Why GDPR compliance is hard
Accepting that the world is not how you’d like it to be is hard for some people. But that’s not the only reason why implementing consent is hard. Sure, it may be painful for you at first that your “click for details” greyed-out small-font link has to go because it doesn’t make it “as easy to say yes as to say no”. And yes, also the “by using this site you accept our use of cookies” can go straight to the trash! But GDPR compliance is hard because:
- It is (a little bit) different in each European country
- You have to store a proof of consent
- You need to educate both your marketing and development teams on what does and what doesn’t require consent —and that’s not your core business
- You need the technical skills to implement proper consent management
- You need to keep track of changes (legal, technical and marketing-wise) over time
Automating consent and GDPR compliance checks
Browser automation allows us to interact on pages as if we were an actual user without the need for expensive tooling. That’s great for what we need: a way to check storage (i.e. cookies) and data sharing (i.e. third party marketing/analytics requests) before and after giving consent. So let’s start with some code. Before we can do anything, we’ll have to install Playwright. I’m assuming you already have Python up and running so you can do
pip install playwright
After that you’ll have to actually install the Playwright browsers by running
playwright install
Now that we have Playwright installed we can get on with our script. There are a couple of things to note:
- using
asyncio
we can handle multiple requests asynchronously, i.e. we don’t have to wait for website A to complete loading before we can load website B. - We add a request listener to capture all outgoing requests from our page before we load the page using
page.on('request', <do something with the request>)
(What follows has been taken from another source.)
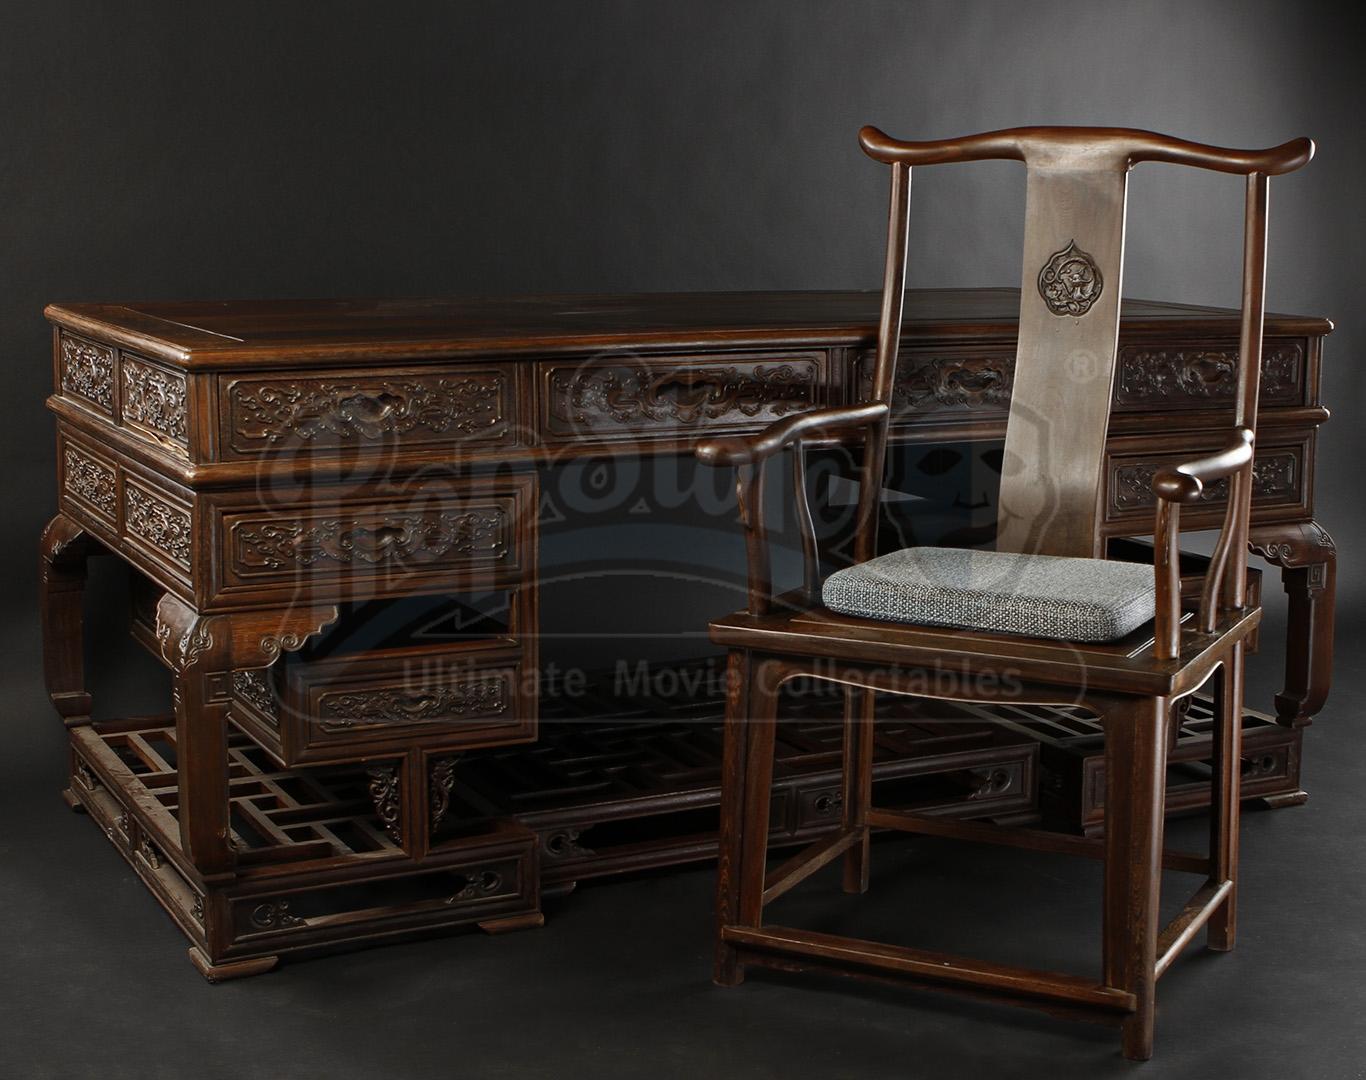 Pacific Rim Stacker Pentecost S Idris Elba Desk And Chair Current Price 1550

- We load a file containing servers for advertising to identify outgoing requests as ‘tracking requests’
import asyncio
from playwright.async_api import async_playwright
import re
import requests
async def extract_data():
async with async_playwright() as p:
browser = p.chromium.launch(headless=False) # start the browser
browser_context = browser.new_context() # new 'incognito' window
page = await browser_context.new_page() # open a new tab
# capture any outgoing requests from the URL
req_urls = []
page.on("request", lambda req: req_urls.append(req.url))
# go to the URL and wait until no more new requests are firing
await page.goto("https://www.dumky.net", wait_until="networkidle")
# take a screenshot
await page.screenshot()
# filter out all third party requests
domain_name = "dumky.net"
thirdparty_requests = list(filter(lambda req_url: not domain_name in req_url, req_urls))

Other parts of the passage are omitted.